By Peter Gleick | August 16, 2023

Montana youth climate trial plaintiffsPlaintiffs in the case Held v. Montana en route to the courthouse during the historic climate trial. (Photo: Our Children's Trust/Wikipedia, CC BY 3.0)

In a remarkable decision in a Montana District Court this week, a judge ruled that human-caused climate change is real, happening, and poses a clear and present threat to human health and the health of the environment. The case brought by 16 young people challenged the constitutionality of provisions in Montana’s Environmental Policy Act that forbade the state from considering the impacts of greenhouse gas emissions or climate change in environmental reviews, thus perpetuating a fossil-fuel based future. After hearing testimony from climate, health, and energy experts, from the youths themselves about how climate changes were already harming them, as well as state officials and climate deniers, the judge ruled definitively in favor of the youth, science, and future generations.

I’ve now read the decision in the Montana climate trial and I have some thoughts.

It is a remarkable document, strong and detailed, supporting the science and facts of human-caused climate change as well as the consequences for Montana’s citizens and ecosystem, present and future. It calls the state’s failure to consider the consequences of climate change in environmental reviews an unconstitutional violation of Montana’s Constitutional provision, Article IX, Section 1, which says “[t]he state and each person shall maintain and improve a clean and healthful environment in Montana for present and future generations.”

The testimonies of climate scientists and other experts helped set the factual basis for the case. These experts, including a former United States Geological Survey scientist, university professors (including several from Montana), and an author of the Nobel Prize-winning report by the Intergovernmental Panel on Climate Change, were all deemed “informative and credible.”

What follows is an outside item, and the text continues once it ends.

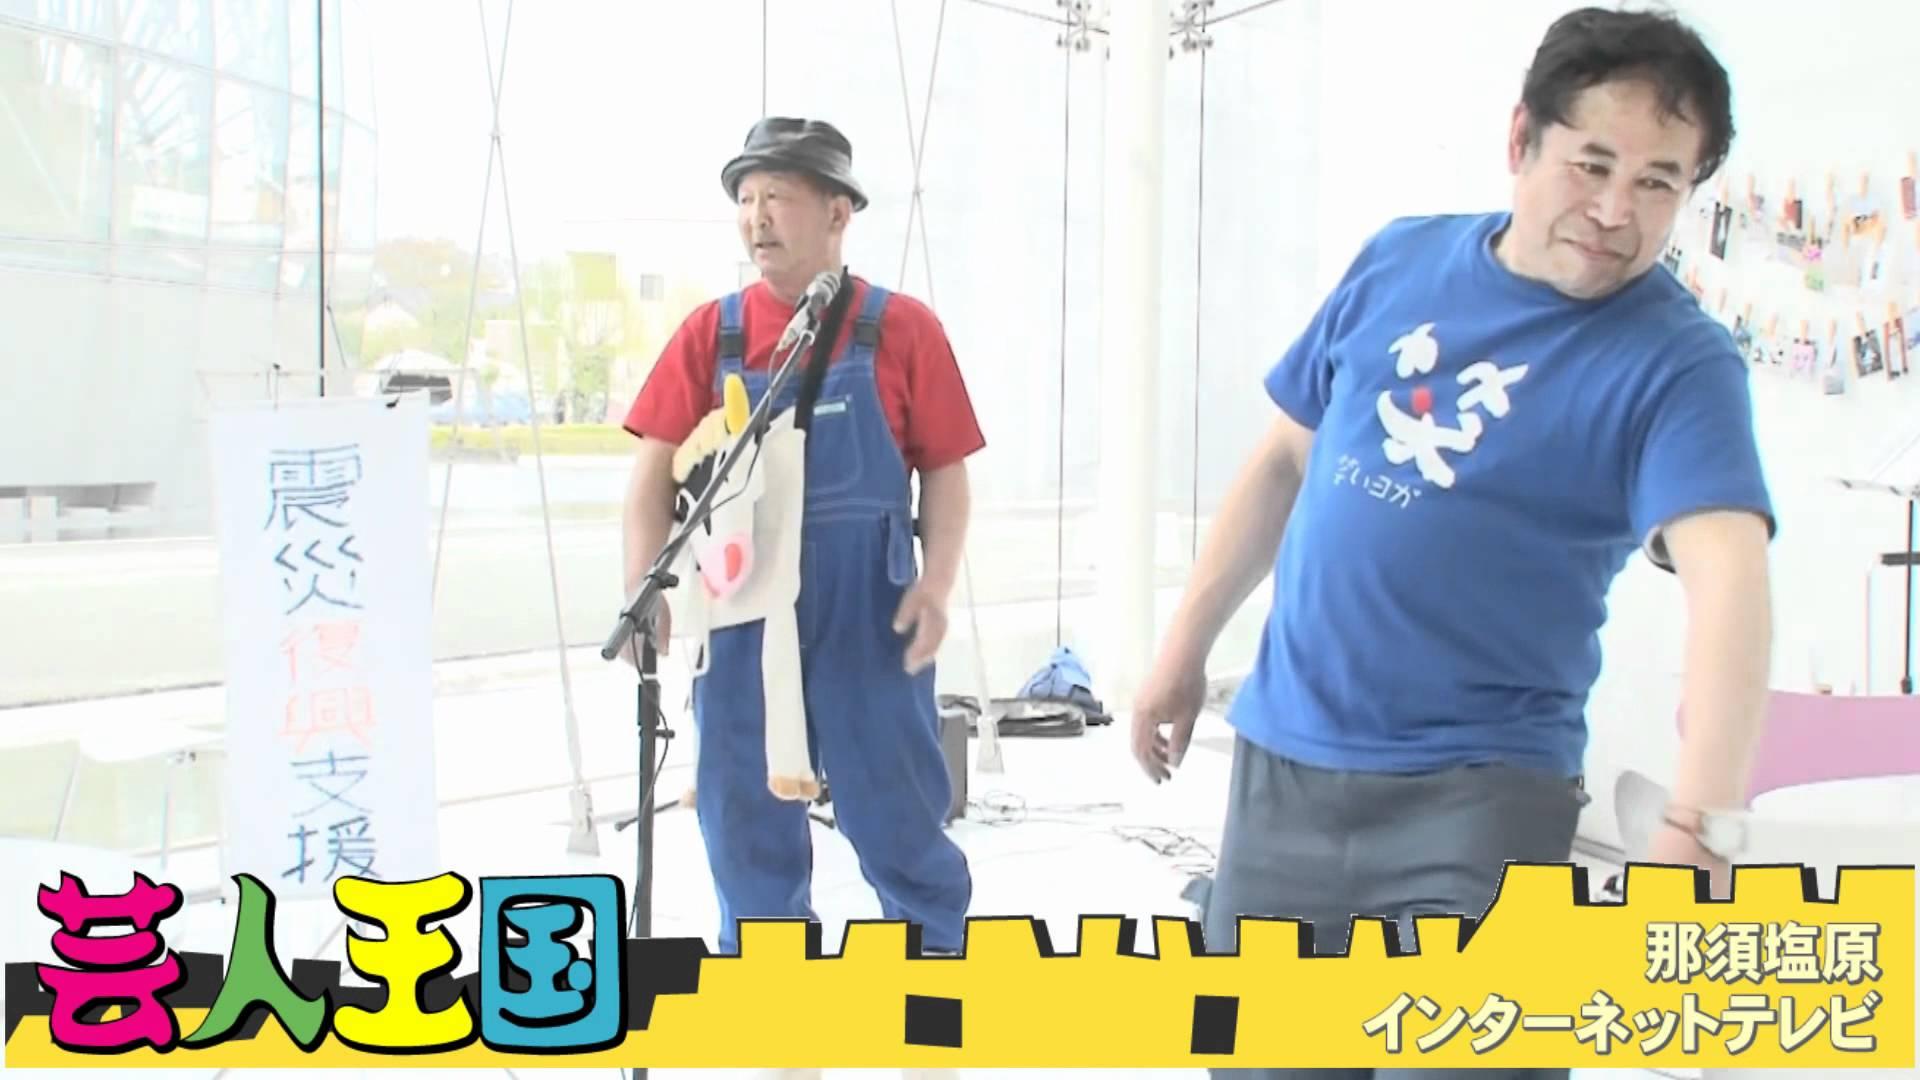 那須野芸人祭り~とっこねえ、もーもーひでやん

“The science is clear that there are catastrophic harms to the natural environment of Montana and Plaintiffs and future generations of the State due to anthropogenic climate change,” judge Kathy Seeley wrote. “The degradation to Montana’s environment, and the resulting harm to Plaintiffs, will worsen if the State continues ignoring GHG [greenhouse gas] emissions and climate change.” The ruling also explicitly acknowledged the reality of climate change and the strength of the science, saying that “[a]nthropogenic climate change is impacting, degrading, and depleting Montana’s environment and natural resources…” and that “[c]limate change impacts result in hardship to every sector of Montana’s economy, including recreation, agriculture, and tourism.”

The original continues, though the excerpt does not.